Прошло тридцать лет, и Али все возвышался могуществом, почестями, богатством. Тридцать лет он, казалось, не вспоминал своей клятвы, и разрушенный Гоморр ждал развалин Содома. В эти тридцать лет Хаиница не раз говорила брату об его клятве; но он всегда, нахмурив брови, отвечал: «Подожди, все будет в свое время». И, обращаясь в другую сторону, производил другие убийства, другие пожары.
Посреди этого мнимого забвения материнской мести, Янина вдруг пробудилась от криков женщин.

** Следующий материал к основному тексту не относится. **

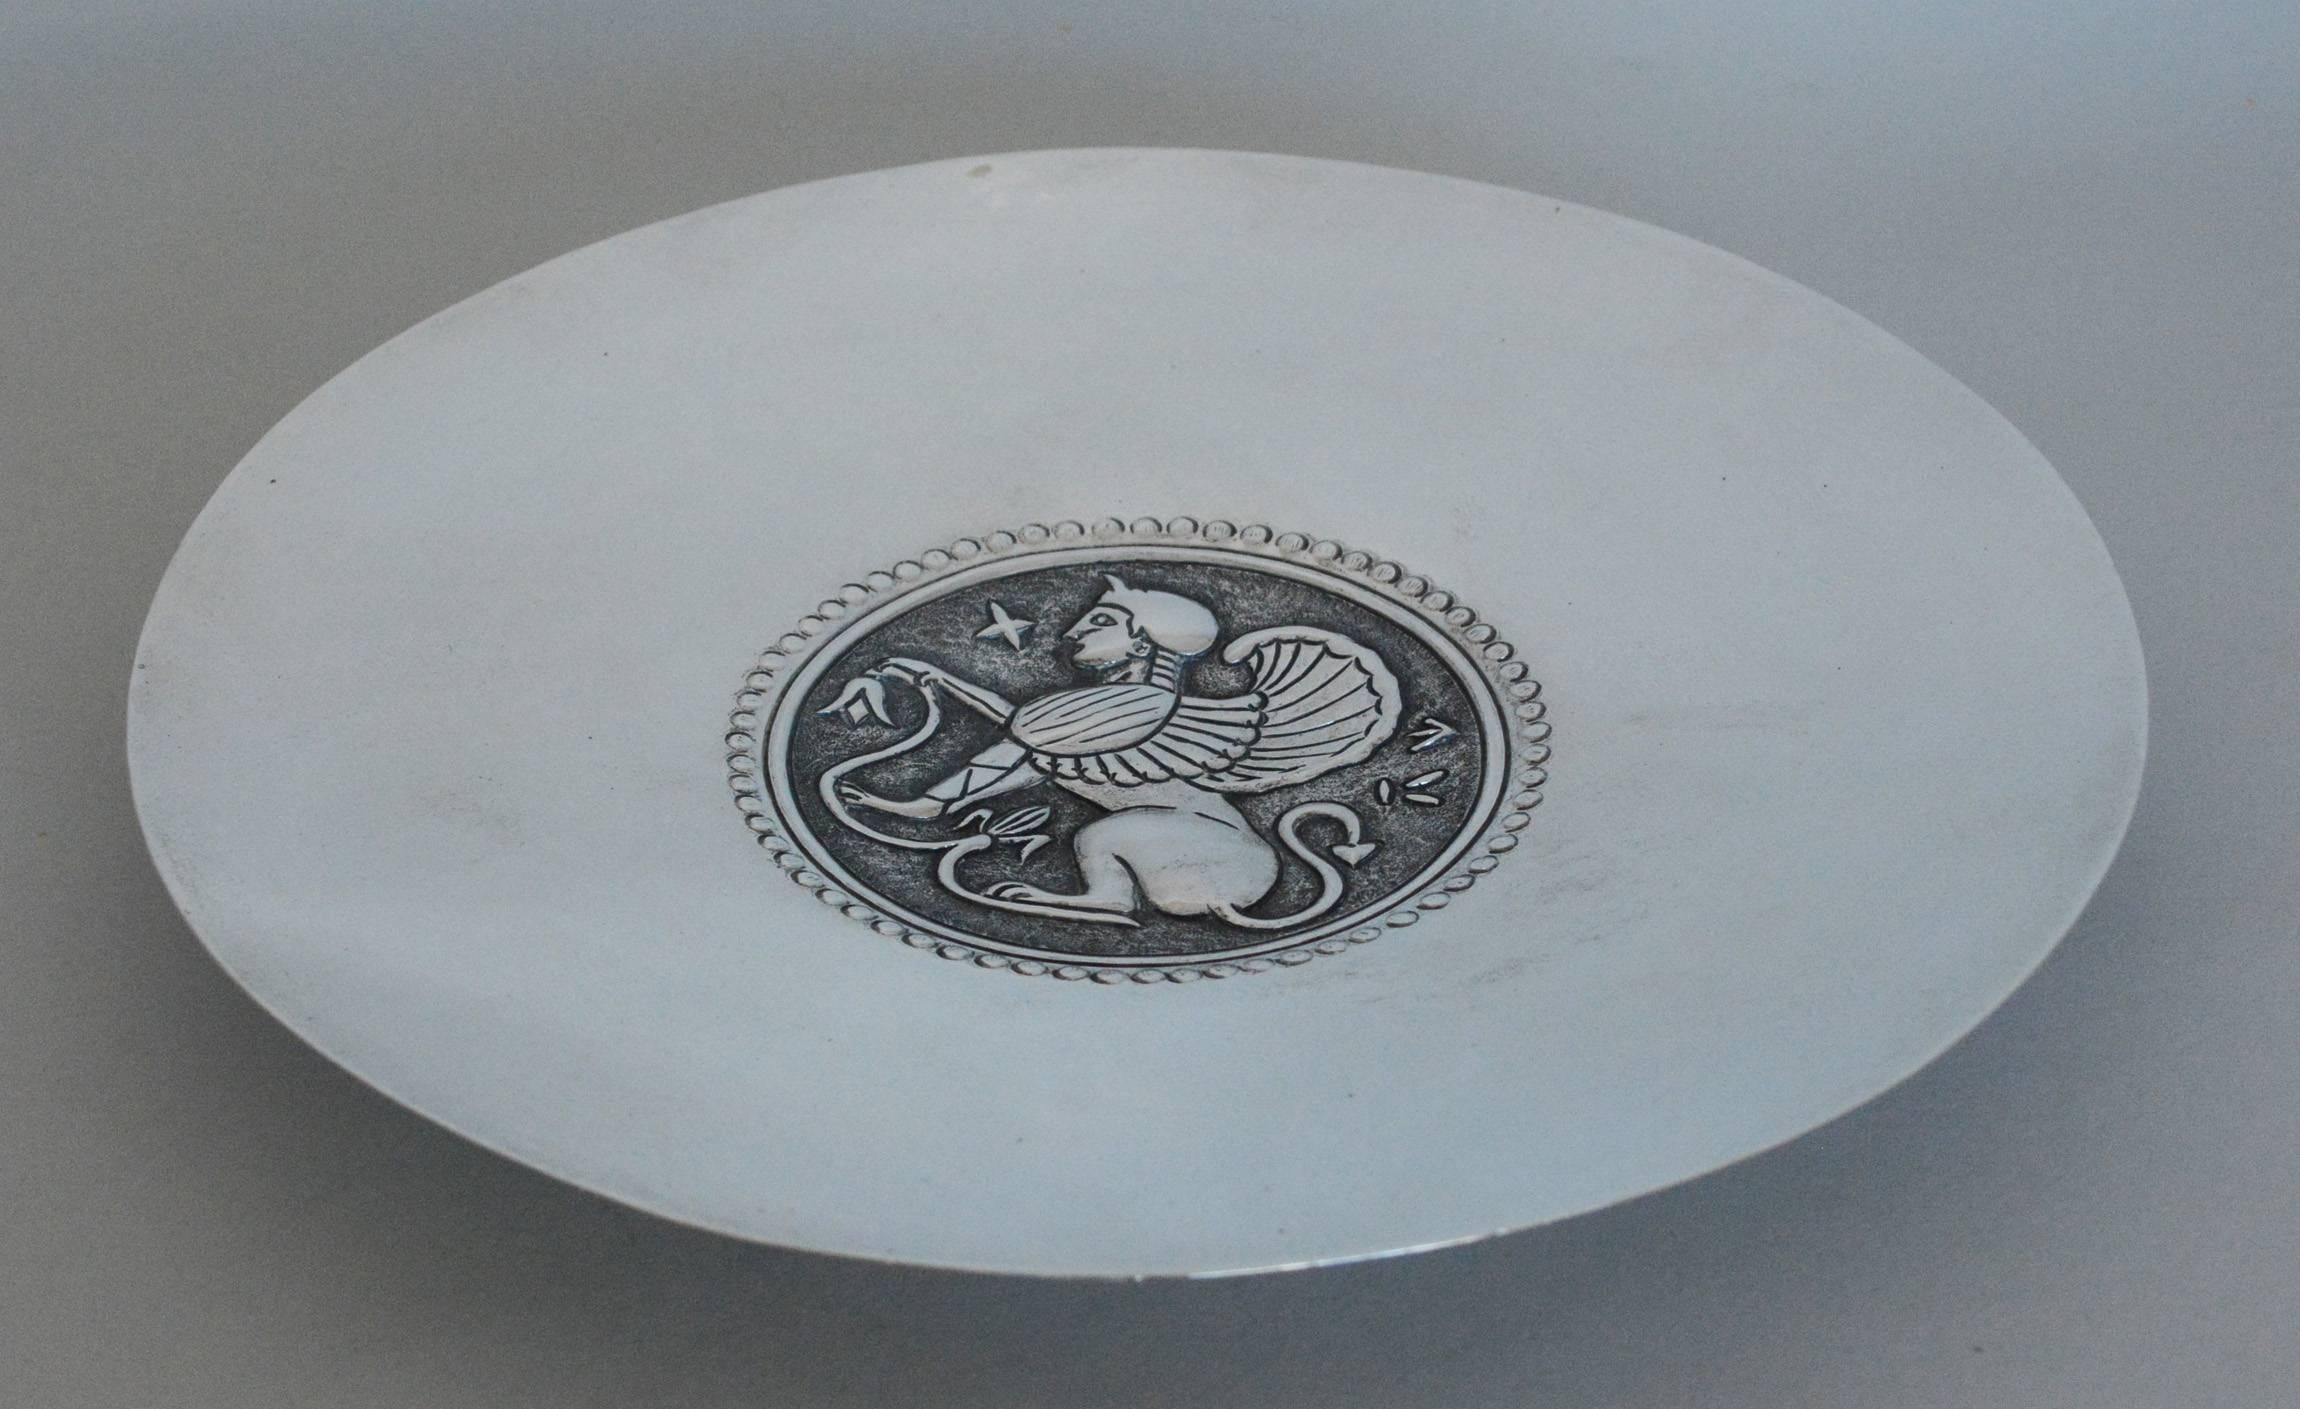 830 sliver dish by renowned jeweler and silversmith G. Stephanides Son and Company of Cyprus. The motif on this dish is taken from an ancient Cyprus coin.
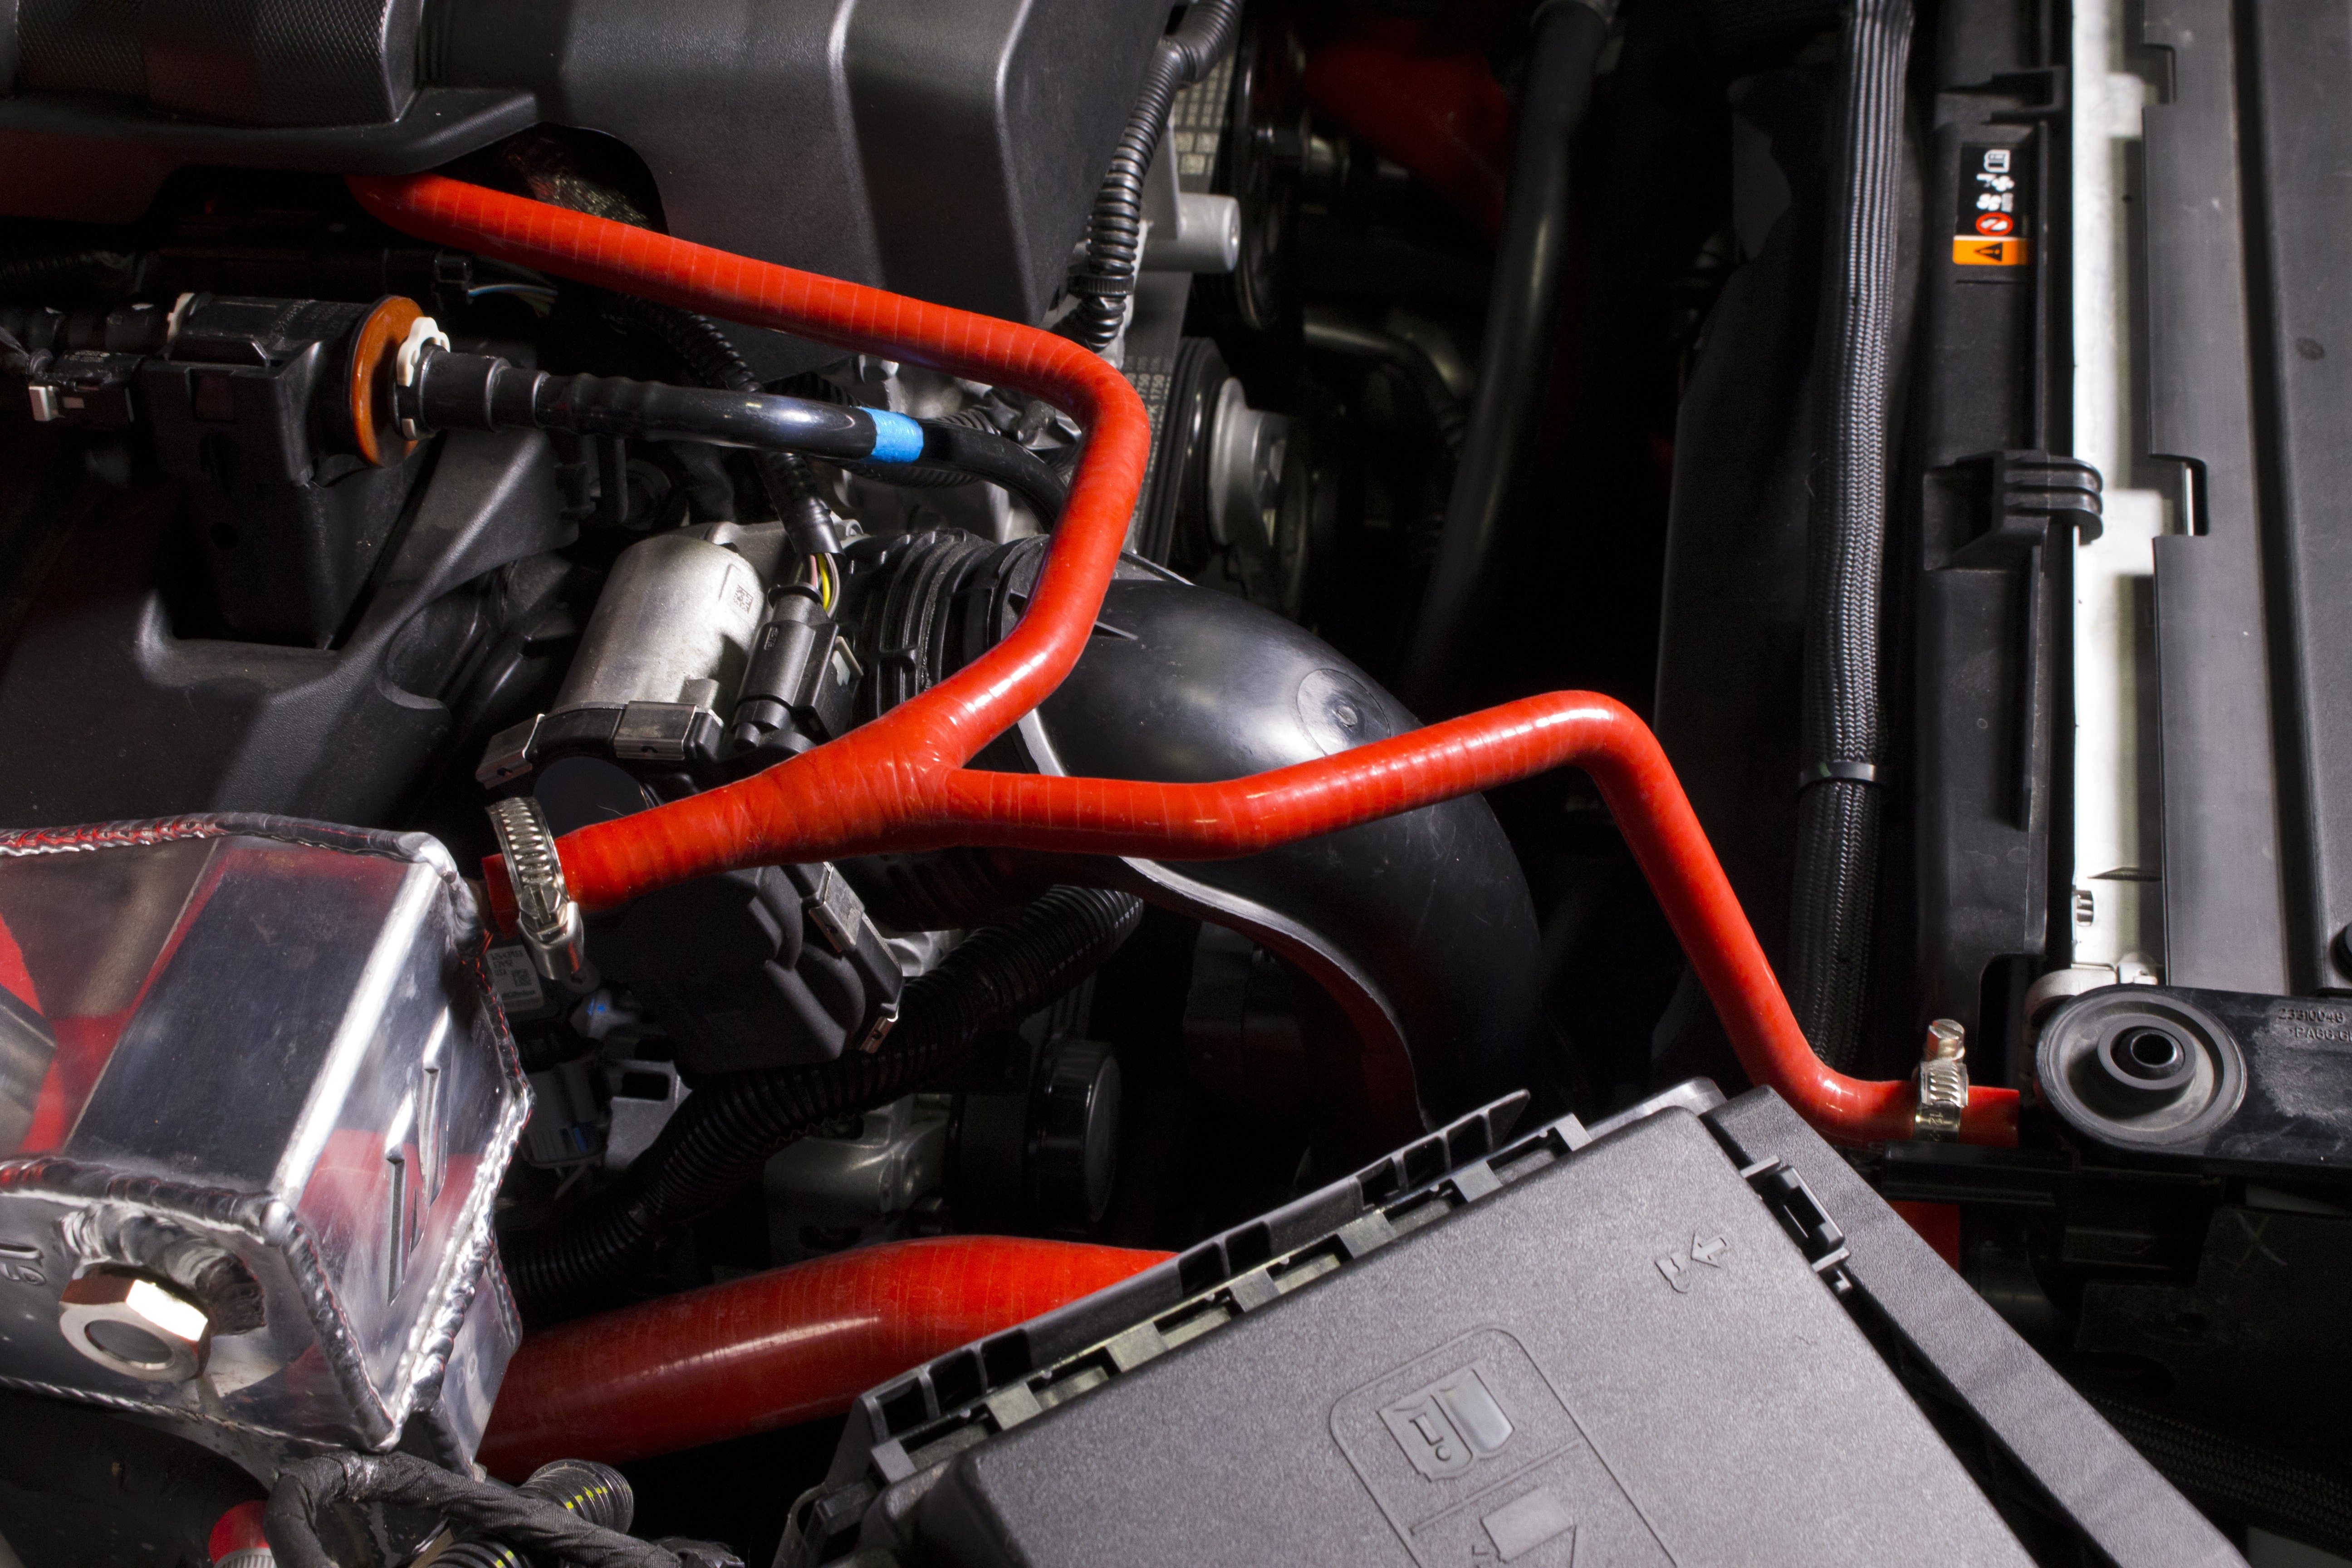 All About Options - Silicone Radiator Hose Kit, Pictures and Pre-sale!

Аден-Бей, последний сын Хаиницы, умер, и мать, как безумная, в разодранных платьях, с растрепанными волосами, с пеною у рта, бегала по улицам и требовала, чтобы ей выдали врачей, которые не спасли ее сына. В минуту все лавки были заперты, и повсюду распространились страх и уныние. Хаиница хотела броситься в колодезь гарема, но ее удержали; она вырывается и бежит к озеру, но и тут ее останавливают. Видя, что ей не дадут умертвить себя, она возвращается во дворец, разбивает молотком свои бриллианты и другие драгоценные камни, бросает в огонь свои шали и меха, клянется целый год не призывать имени пророка, запрещает своим служанкам поститься в рамазан, бьет и выгоняет из своего дворца дервишей, остригает гривы у коней своего сына, приказывает вынести диваны и подушки и ложится на рогоже, разостланной по полу. Потом она вдруг вскакивает: ей пришла в голову страшная мысль: причиною смерти ее сына — проклятие неотмщенной матери; Аден-Бея нет уже на свете потому, что Кардики еще существуют.
Она бежит к Али-паше, проникает в гарем и находит его там: он подписывает капитуляцию, заключенную с кардикиотами. Окруженные со всех сторон, в своих орлиных гнездах, они не сдались без условий. В этой капитуляции было поставлено, что семьдесят два бея, начальники знаменитейших скипетарских Фаресов, и все магометанского исповедания, приедут добровольно в Янину, где им окажут почести, приличные их званию; что семейства их будут наслаждаться безопасностью; что они могут свободно располагать своею собственностью и все без исключения жители Кардики будут почитаемы вернейшими друзьями визиря; что все прошедшее предается забвению, и Али-паша признается повелителем города, который он принимает под свое особенное покровительство. Али только что поклялся на коране свято исполнять все эти условия и приложил к ним печать свою, как Хаиница вбежала в комнату, крича:
— Будь ты проклят, Али! Ты причиною смерти моего сына, потому что ты не исполнил клятвы, которую мы дали покойной матери; я не стану называть тебя ни визирем, ни братом, пока Кардики не будет разрушен и жители его не истреблены. Женщин отдай мне и позволь мне делать, что я хочу: я буду спать на матрасе из их волос! Но нет, ты, как женщина, забыл свою клятву, а я ее помню.
Али не мешал ей говорить, а потом, когда она замолчала, он показал ей капитуляцию, которую только что подписал. Хаиница заревела от радости: она знала, как брат ее исполняет договоры с неприятелями, она поняла, что город живой достанется ей на растерзание, и с улыбкою на устах возвратилась во дворец свой.
Через неделю после этого Али-паша объявил, что он сам отправляется в Кардики, чтобы восстановить там порядок, учредить суд и полицию для защиты лиц и собственности жителей.
Я приехал накануне его отъезда; тотчас отправил к нему письмо лорда Байрона, в тот же вечер получил уведомление, что он примет меня на другой день.
С самого утра войска начали выступать, везя с собою страшную артиллерию англичан, она состояла из горных единорогов, гаубиц и конгревовых ракет: это были задатки от англичан за будущие услуги.
В назначенное время я отправился в жилище Али-Тебелени, дворец внутри, крепость снаружи. Я уже издалека слышал жужжание этого каменного улья, вокруг которого носились на конях посланные, развозившие приказания; большой двор походил на огромный караван-сарай, куда съехались путешественники изо всех восточных стран. Всего более было албанцев, которые в своих богатых костюмах, в фустанеллах белых, как снега Пинда, куртках и камзолах бархатных, алых, узорчато обшитых галунами, в своих шитых кушаках, из-за которых выставлялся целый арсенал кинжалов и пистолетов, казались князьями; тут были и дели в своих высоких, остроконечных шапках, и турки в широких шубах и чалмах, и македонцы с алыми перевязями, и черные как смоль нубийцы; все эти люди беспечно играли или курили и только по временам, слыша топот коней под сводами, поднимали голову и глядели на посланных, которые отправлялись с какими-нибудь кровавыми повелениями.